Un(e) parlementaire averti(e) en vaut deux
Le Parlement qui siège dès aujourd’hui 2 juin devra, parmi d’autres objets, se pencher sur la modification de la loi sur les épidémies afin de permettre l’introduction du traçage de proximité (TP). Ce système (mis au point par l’EPFL) doit permettre de « retracer de manière cohérente les chaînes de transmission [du virus], d’isoler les personnes infectées, et de placer leurs contacts étroits en quarantaine ». Selon le message du Conseil fédéral (Message du 20 mai 2020 concernant la modification urgente de la loi sur les épidémies en lien avec le coronavirus [Système de traçage de proximité], p. 8 ch. 3.1), « quiconque utilise en Suisse un téléphone portable doté du système d’exploitation iOS ou Androïd [pourra] télécharger gratuitement et utiliser l’application Swisscovid indépendamment de son opérateur téléphonique ».
Sait-on bien à quoi l’on s’engage quand on accepte un tel système ?
Dans un excellent article sur son blog du Temps (« SwissCovid, consentement éclairé et responsabilité politique »), Mme Ghernaouti, professeure à l’UNIL et spécialiste de la Cybersécurité, pose 20 questions aux parlementaires au sujet précisément des garanties de sécurité offertes par l’application TP. Ces 20 questions sont fondamentales ; elles concernent en particulier les liens avec Apple-Google, l’usage obligatoire de la technologie Bluetooth dont chacun sait les défauts, voire la stratégie avérée de domination de ses acteurs
La spécialiste en cybersécurité est très claire : « sans réponses aux questions [posées], comment le Parlement pourrait-il sérieusement élaborer une loi qu’il a lui-même jugée indispensable ? ».
Le traçage serait librement choisi par chacun, mais…
Le projet de loi prévoit clairement que nulle pression ne pourra être exercée pour amener les citoyens à accepter de charger l’application sur leur téléphone portable.
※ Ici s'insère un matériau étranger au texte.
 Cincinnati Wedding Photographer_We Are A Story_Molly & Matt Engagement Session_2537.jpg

Cependant, peut-être convient-il de signaler quelques éléments :
- Le message précise (p. 5 et 10) : « il est essentiel que l’application SwissCovid soit largement acceptée et utilisée pour que le système de traçage de proximité atteigne le but souhaité dans la lutte contre l’épidémie de Covid-19. C’est pourquoi son introduction doit être accompagnée de bonnes mesures communicationnelles…L’application — doit être largement diffusée au sein de la population » D’ailleurs un budget de 1,95 million de francs est prévu à cette fin ! (Message, p. 15 ch. 5.1)…. (Matraquage médiatique et publicitaire garanti !)
- « Pour l’heure, aucune donnée scientifique n’indique le nombre minimum de participants requis pour une implémentation efficace du système, cependant, selon un modèle scientifique, l’épidémie peut être gardée sous contrôle lorsque deux tiers de la population respecte les mesures de quarantaine ordonnées ou recommandées” (Message, p. 4 in fine)… (Matraquage garanti pour convaincre ce nombre de citoyens!)
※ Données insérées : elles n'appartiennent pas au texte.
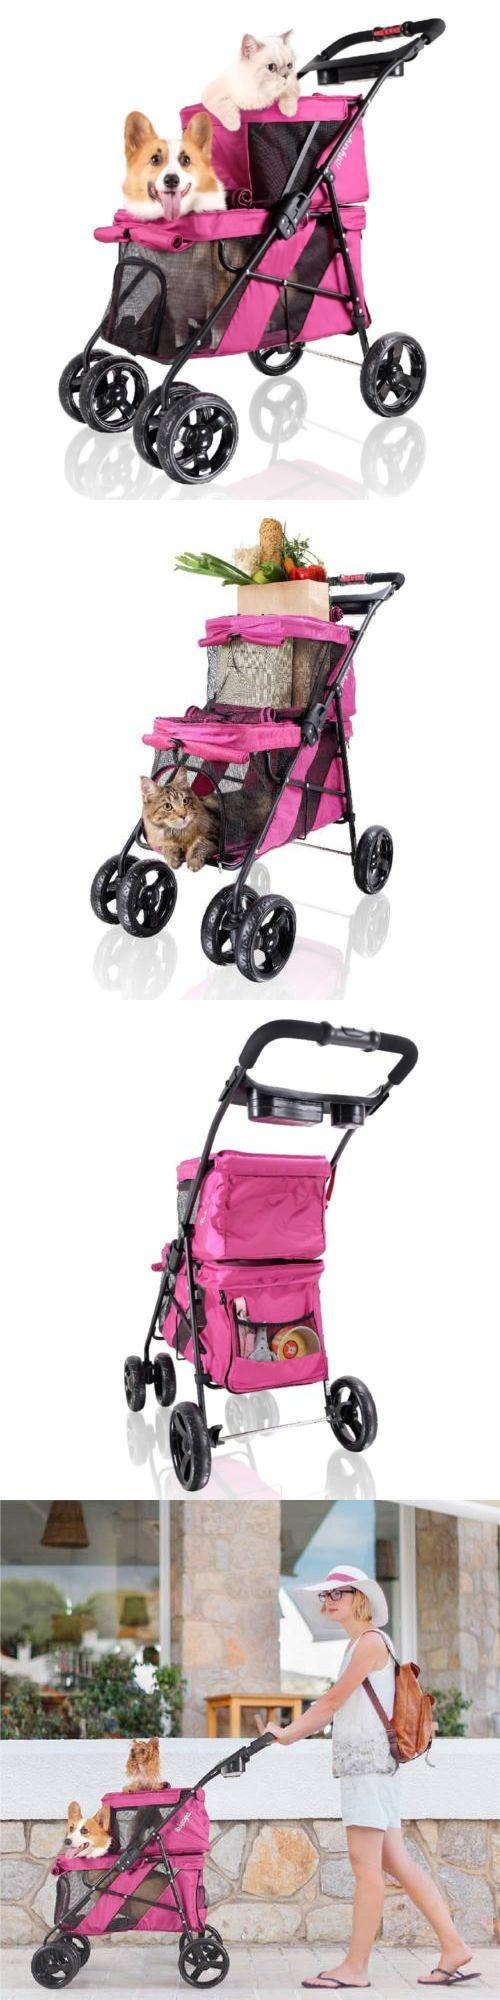 Strollers 116380 Ibiyaya 4 Wheel Double Pet Stroller For

- Le projet de Traçage est un projet de l’EPFL. Or, comme l’écrivait Le Temps du 28 mai dernier (Page économique) « l’EPFL est sous pression.. ». « Un faible taux d’utilisation serait-il un échec pour l’EPFL ?». Réponse de l’un des chercheurs du groupe, M. Edouard Bugnion : « Dans le cadre de la lutte contre le virus, les seules mesures de succès et d’échec sont de nature de santé publique »… (Faut-il comprendre que ceux qui ne choisiraient pas le traçage seraient tenus pour responsables/coupables des « échecs » en matière de santé publique ? Petit effort de culpabilisation?)
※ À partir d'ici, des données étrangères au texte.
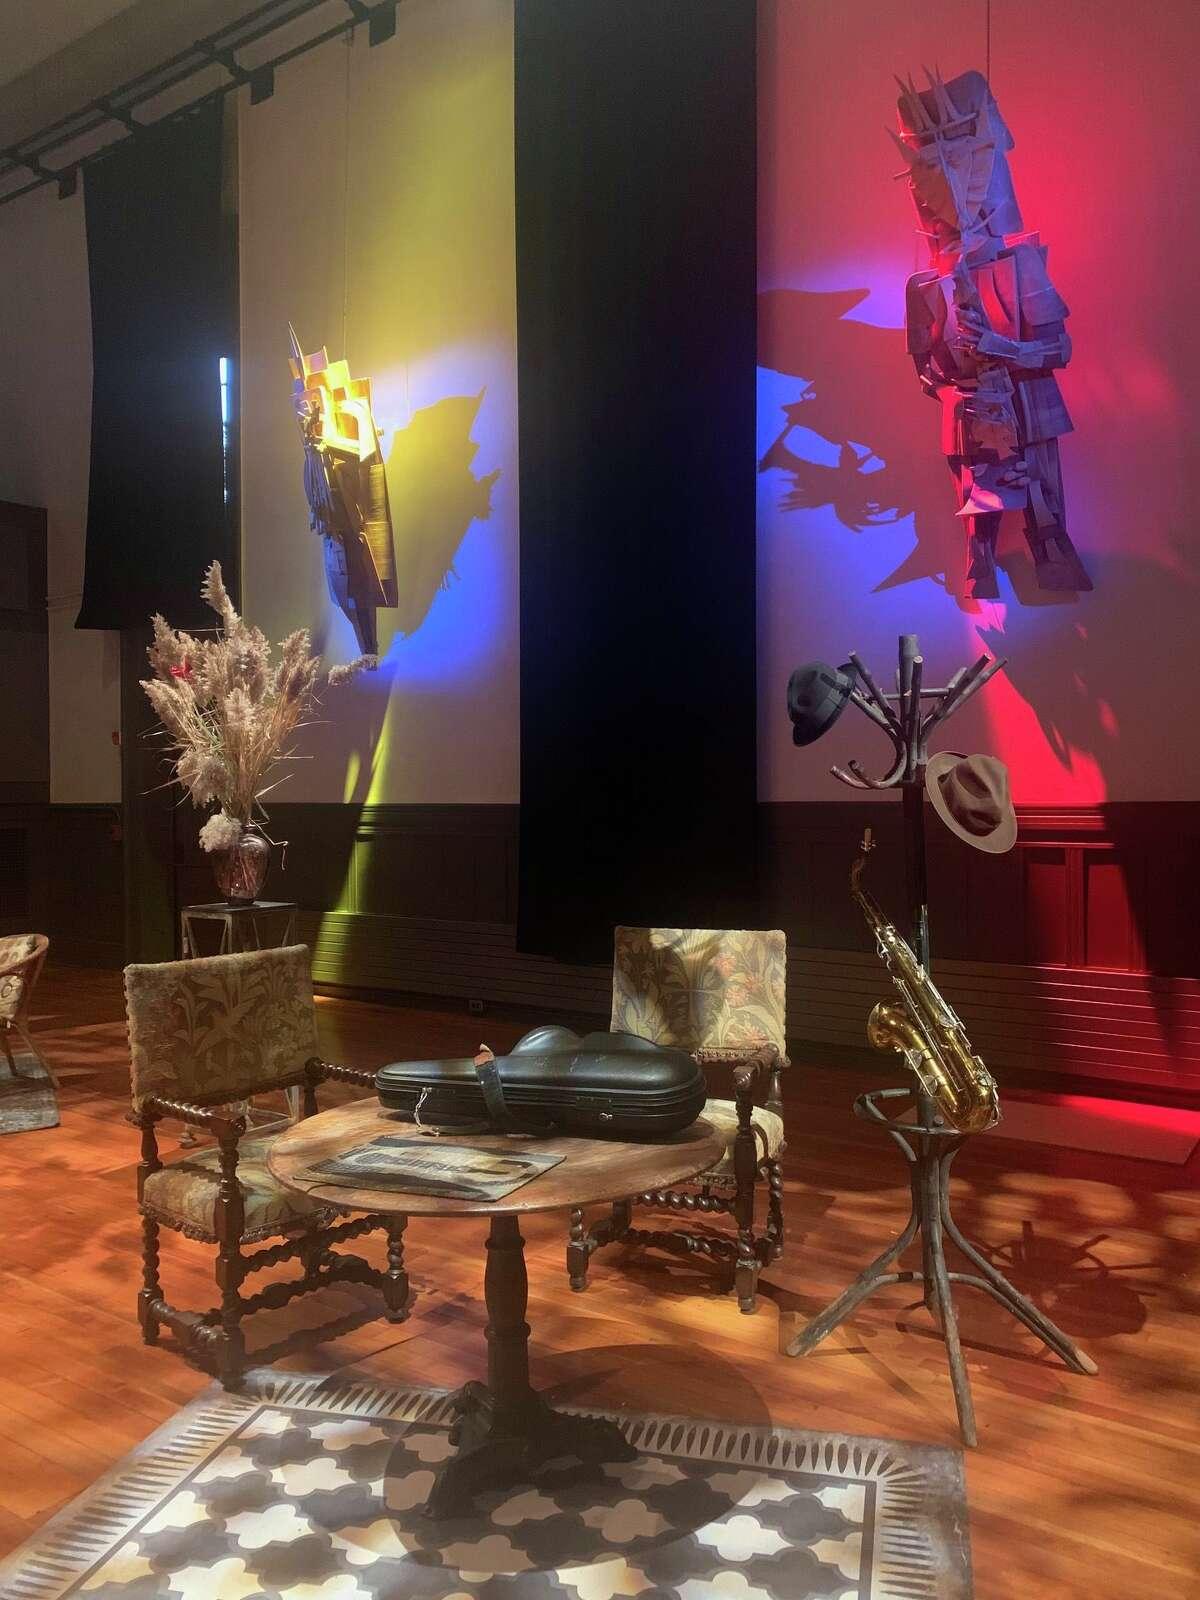 Hanging - Sun Ra sculptures by Reginald Madison at Hudson Hall.

- Selon Heidi.news du 29. 05, le professeur Dick Mohr, de l’EPFZ, professeur de modélisation des matériaux, publie, à titre provisoire, le résultat obtenu avec un nouveau modèle mathématique pour prévoir l’épidémie de Covid-19. Il écrit : « Il est peu probable qu’une 2e vague surcharge le système de santé suisse. C’est une bonne nouvelle, mais elle est aussi trompeuse… Les autorités doivent garder à l’esprit que si le public ne voit pas réellement la pression exercée sur la capacité des hôpitaux, les gens pourraient ne pas prendre la menace au sérieux et ne pas comprendre pourquoi des mesures restrictives sont nécessaires »… (« Guerre des morts » garantie ! D’ailleurs la première annonce du successeur de M. Koch n’est-elle pas la mort d’un bébé ?)
Le Parlement a eu la sagesse d’exiger une base légale pour l’utilisation du TP. Il est responsable maintenant d’opérer toutes les vérifications nécessaires à la sécurité du système envisagé, s’il ne veut pas livrer la population pieds et poings liés aux GAFAM et autres spécialistes de la surveillance, sous couvert de protection de la santé.